### [What you will do]
Transcribe every line below exactly; no image goes into the output.

### [Source material]

----

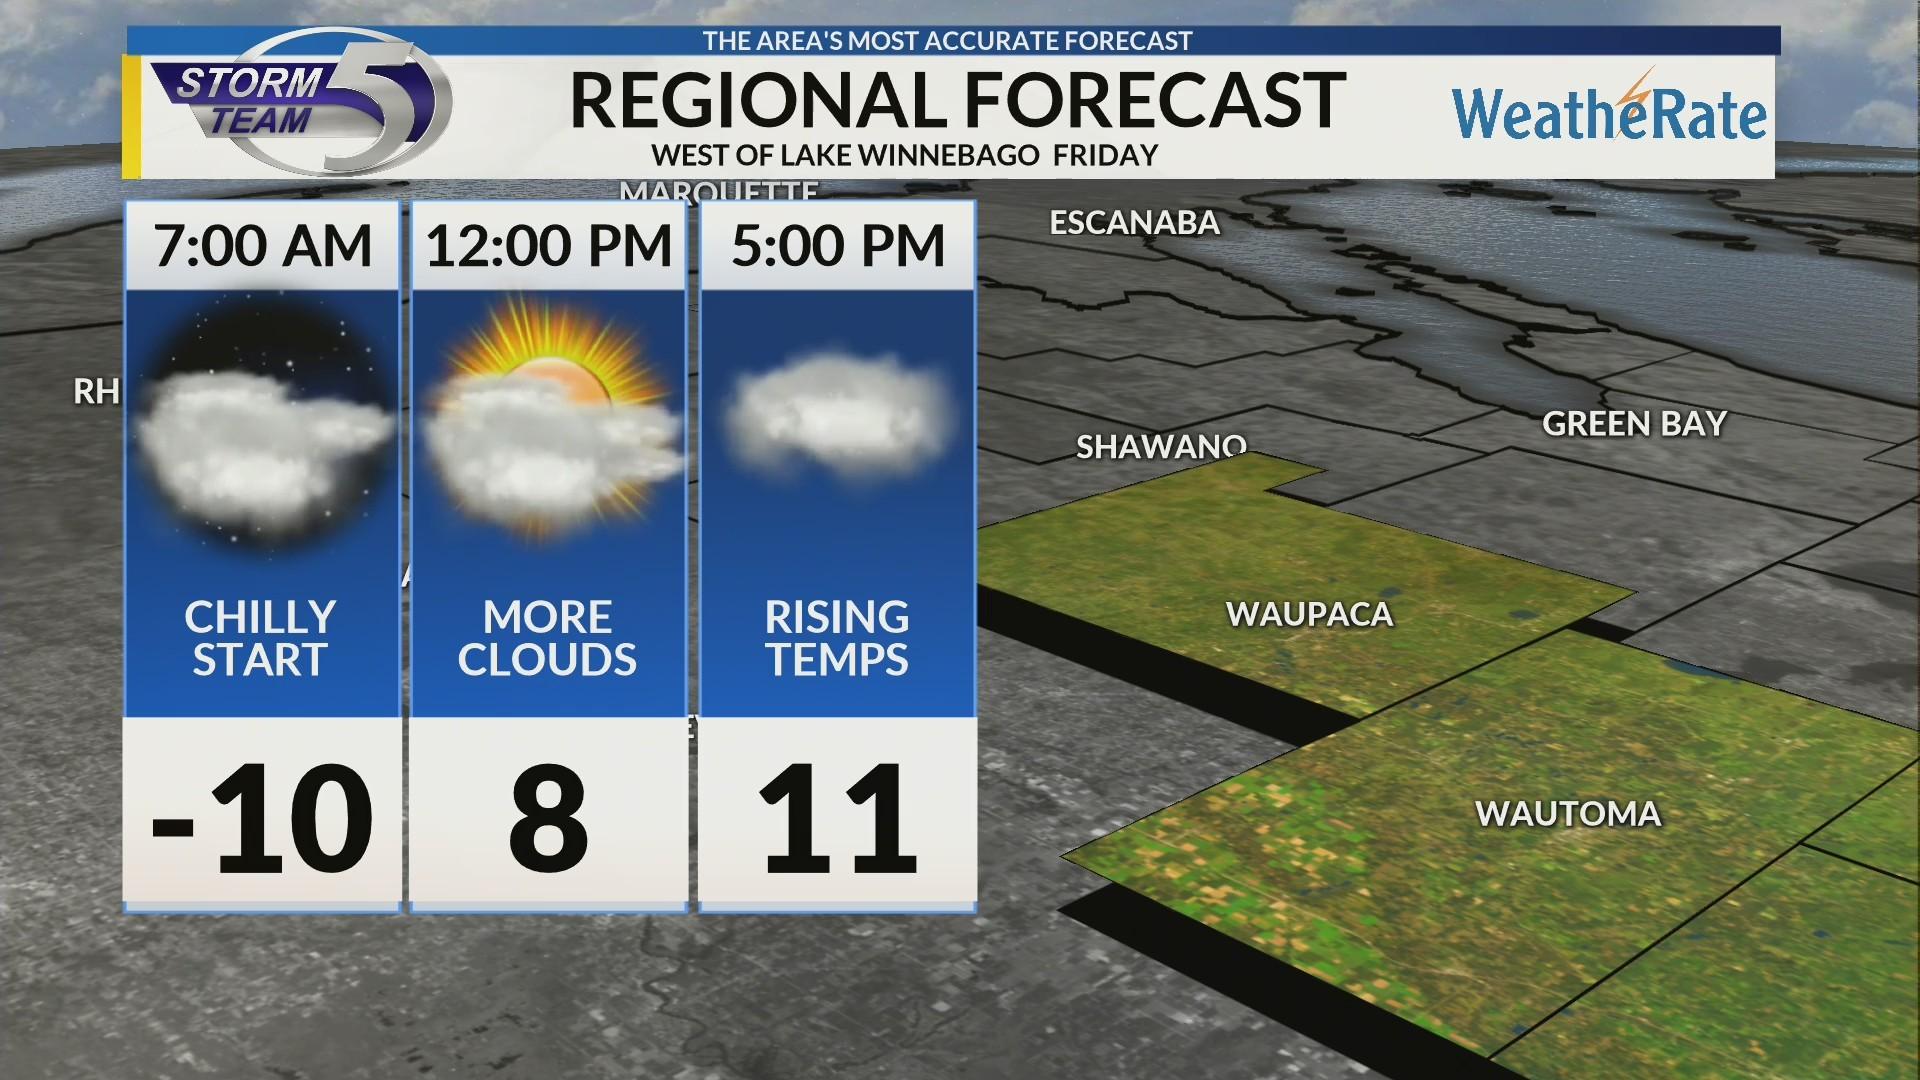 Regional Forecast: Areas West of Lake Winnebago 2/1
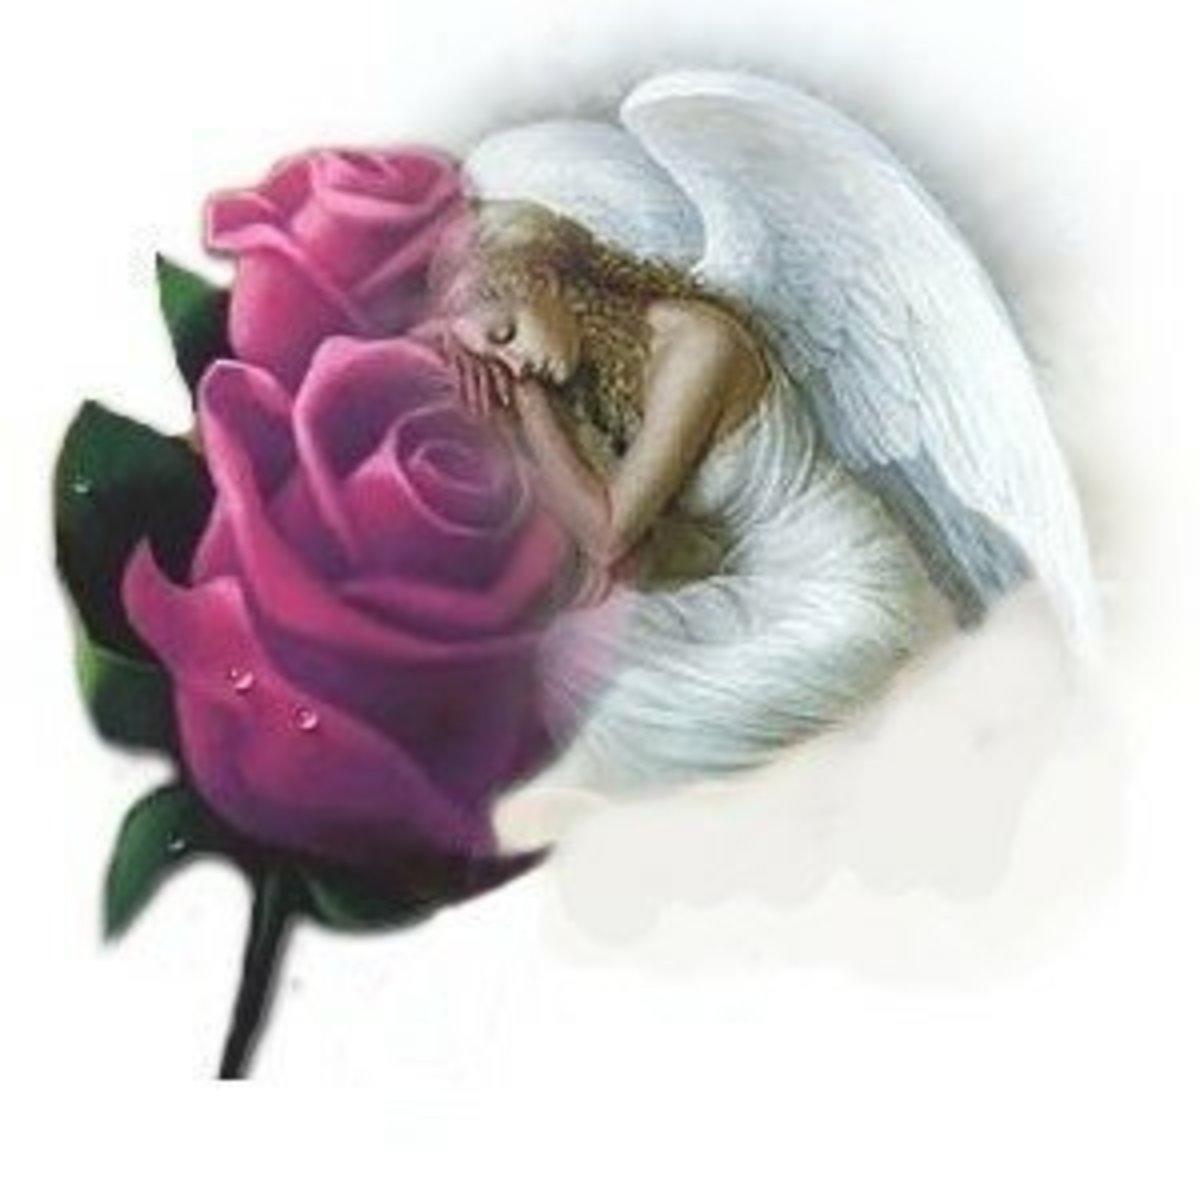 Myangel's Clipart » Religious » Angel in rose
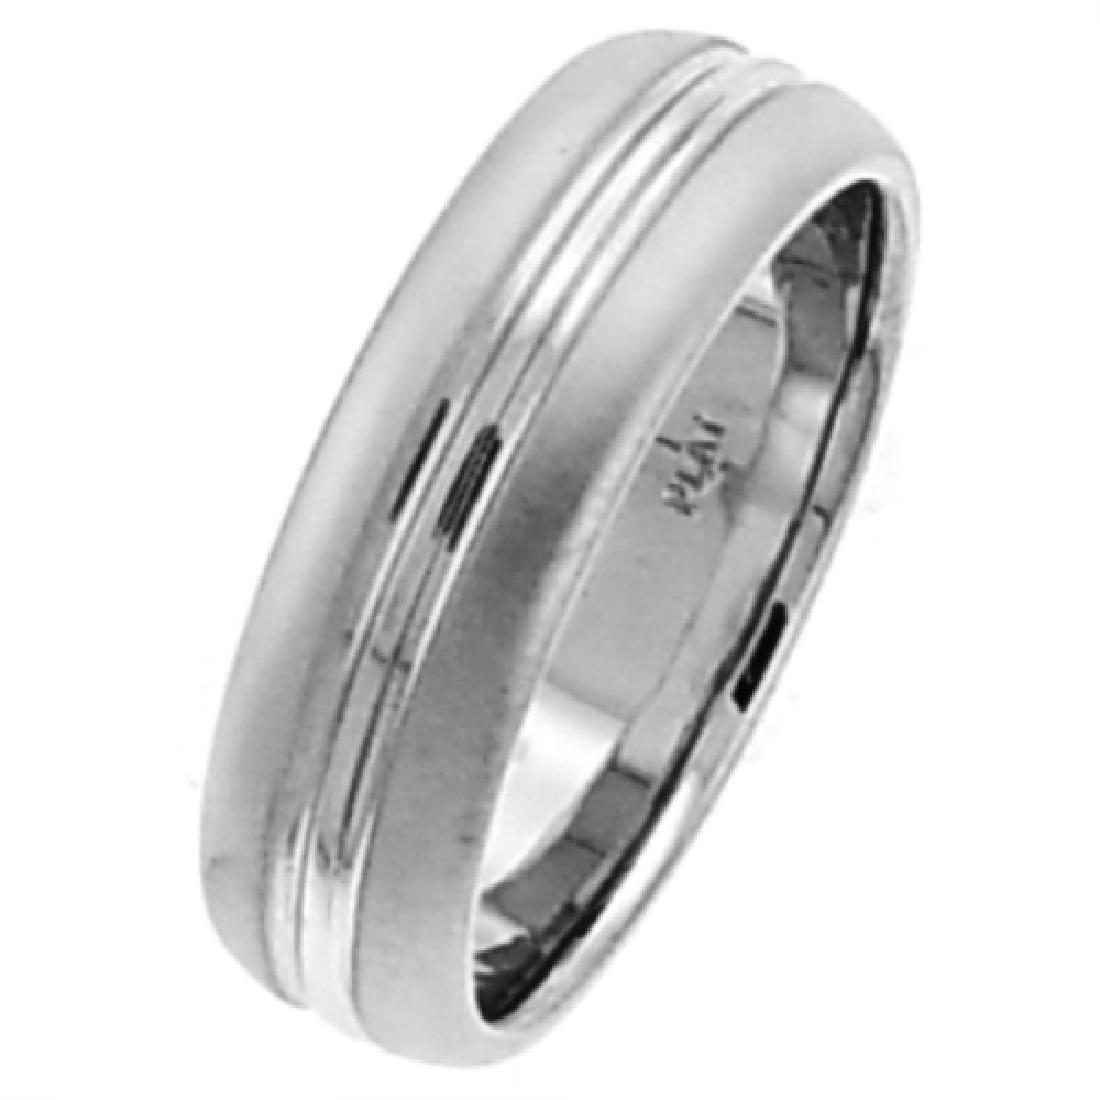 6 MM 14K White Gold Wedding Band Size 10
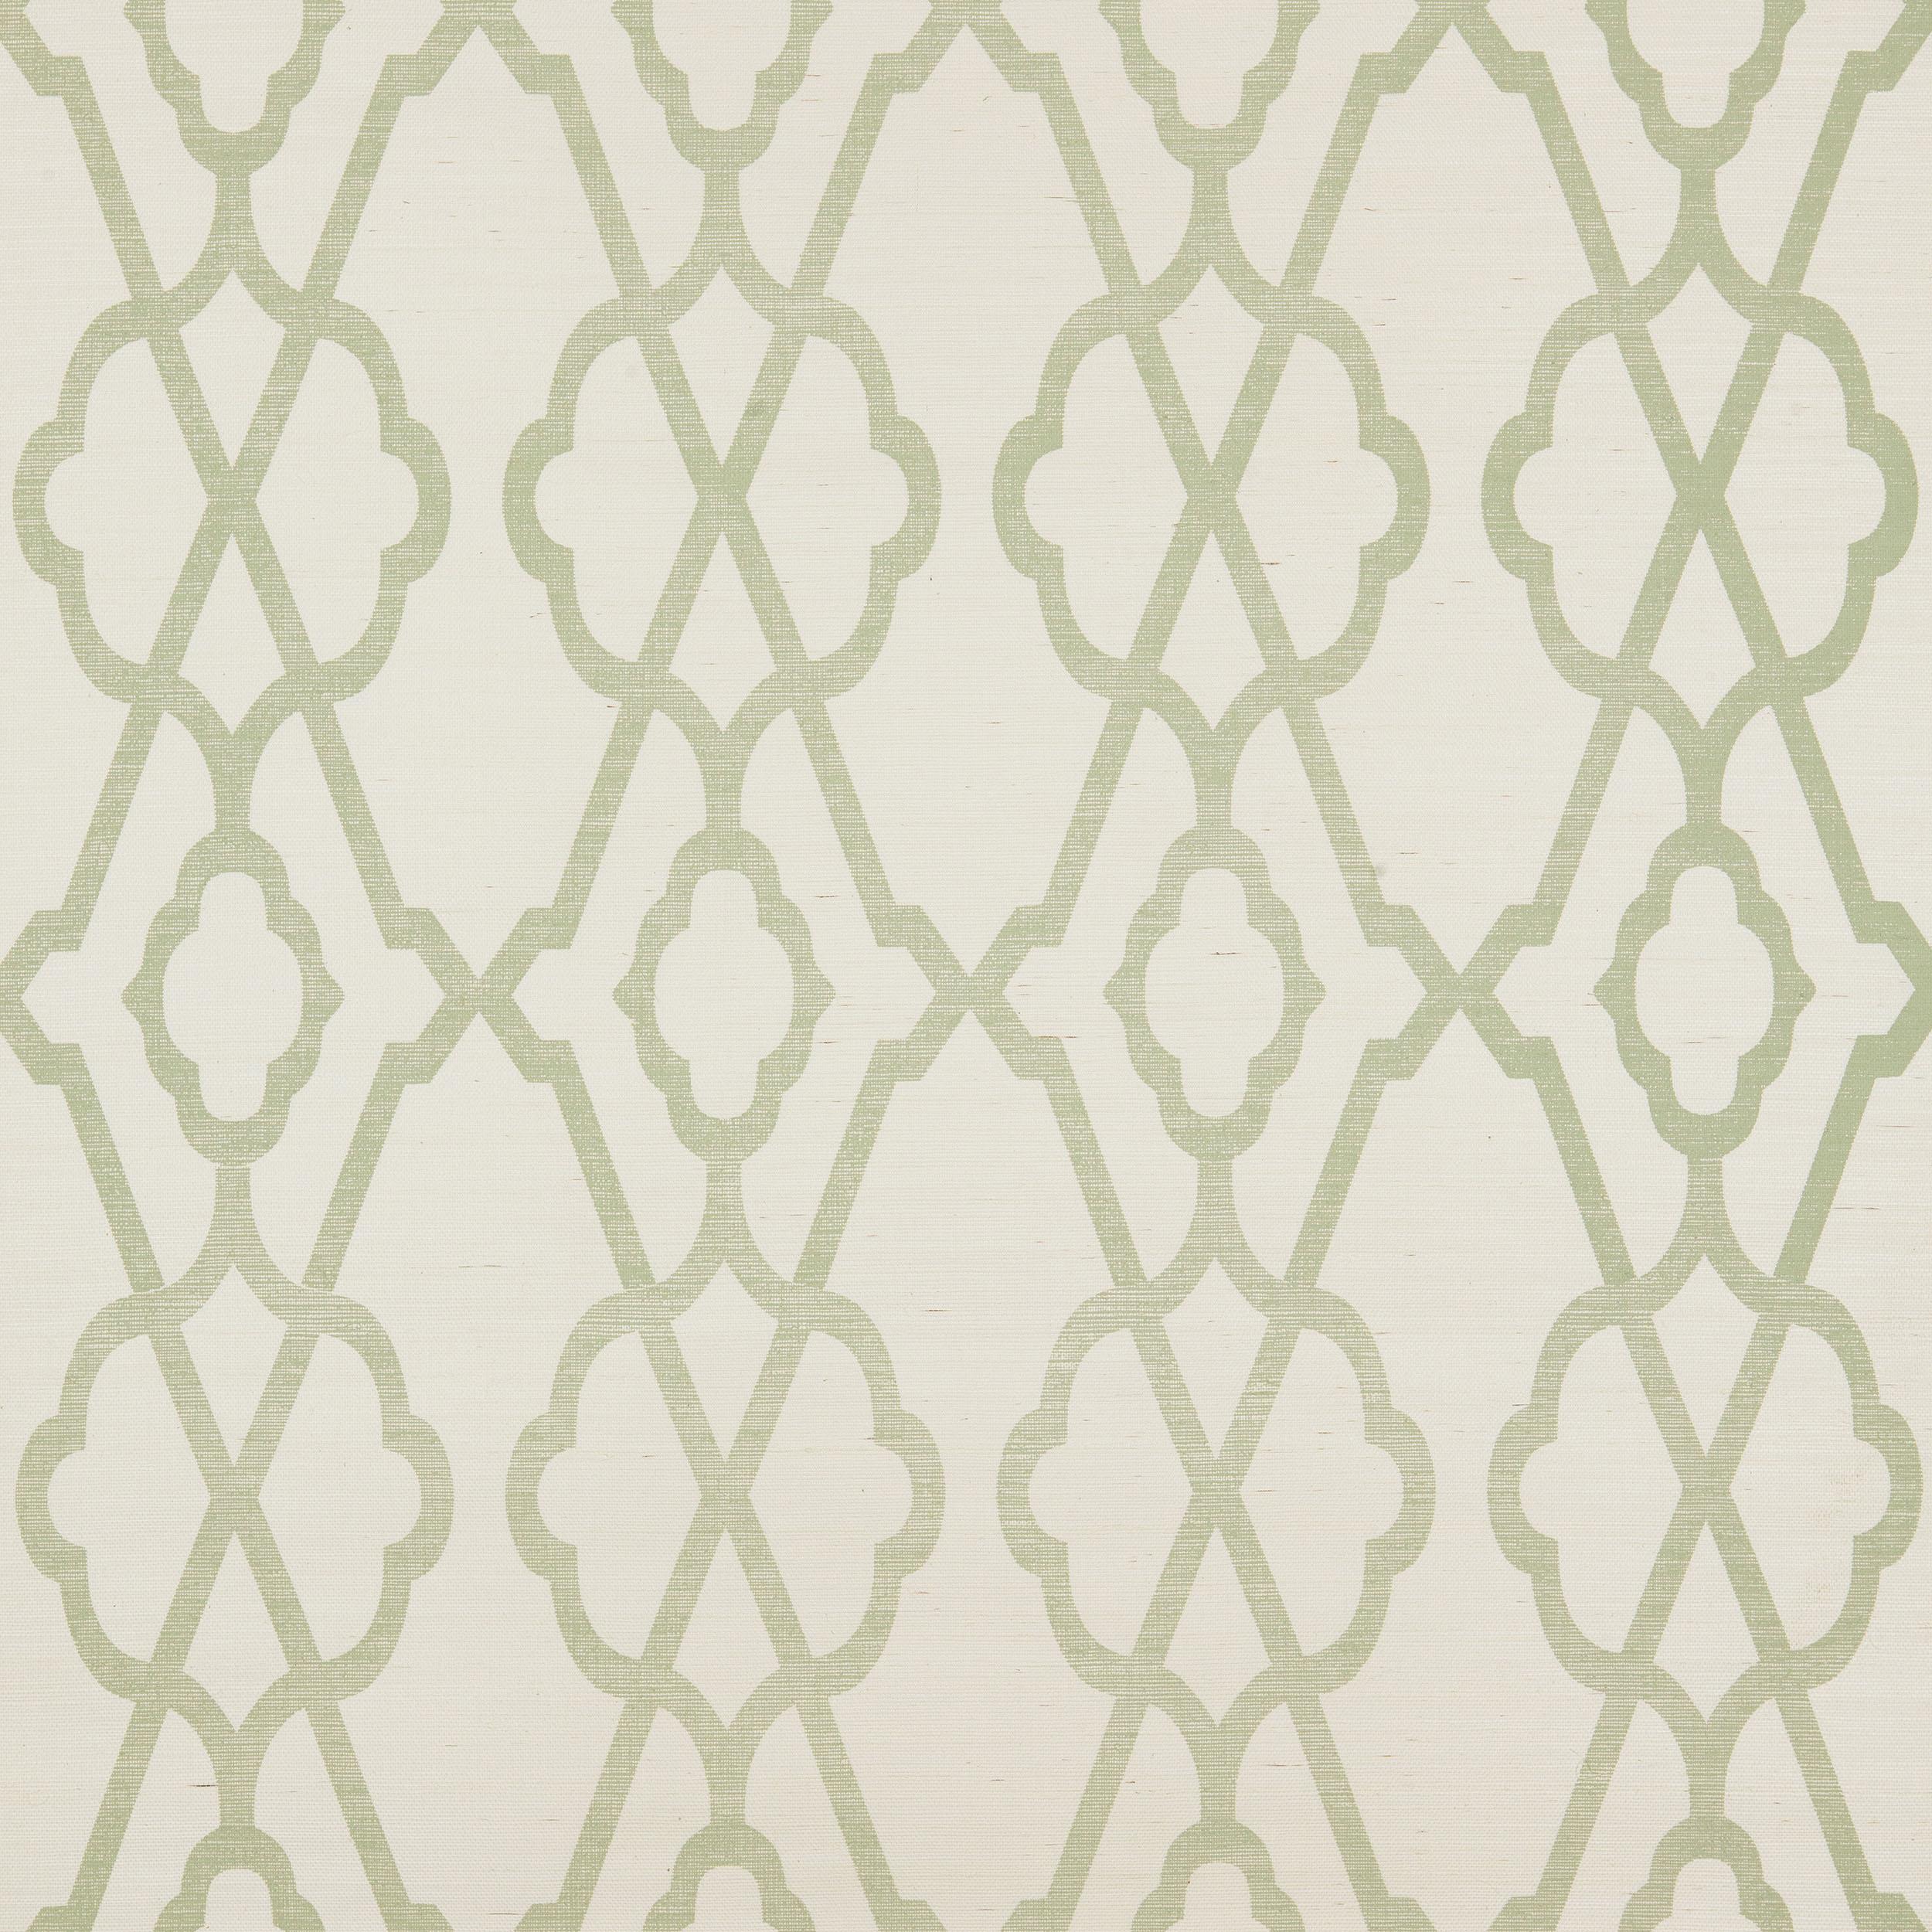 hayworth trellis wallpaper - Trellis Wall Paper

----

### [Expected answer]
 Regional Forecast: Areas West of Lake Winnebago 2/1
 Myangel's Clipart » Religious » Angel in rose
 6 MM 14K White Gold Wedding Band Size 10
 hayworth trellis wallpaper - Trellis Wall Paper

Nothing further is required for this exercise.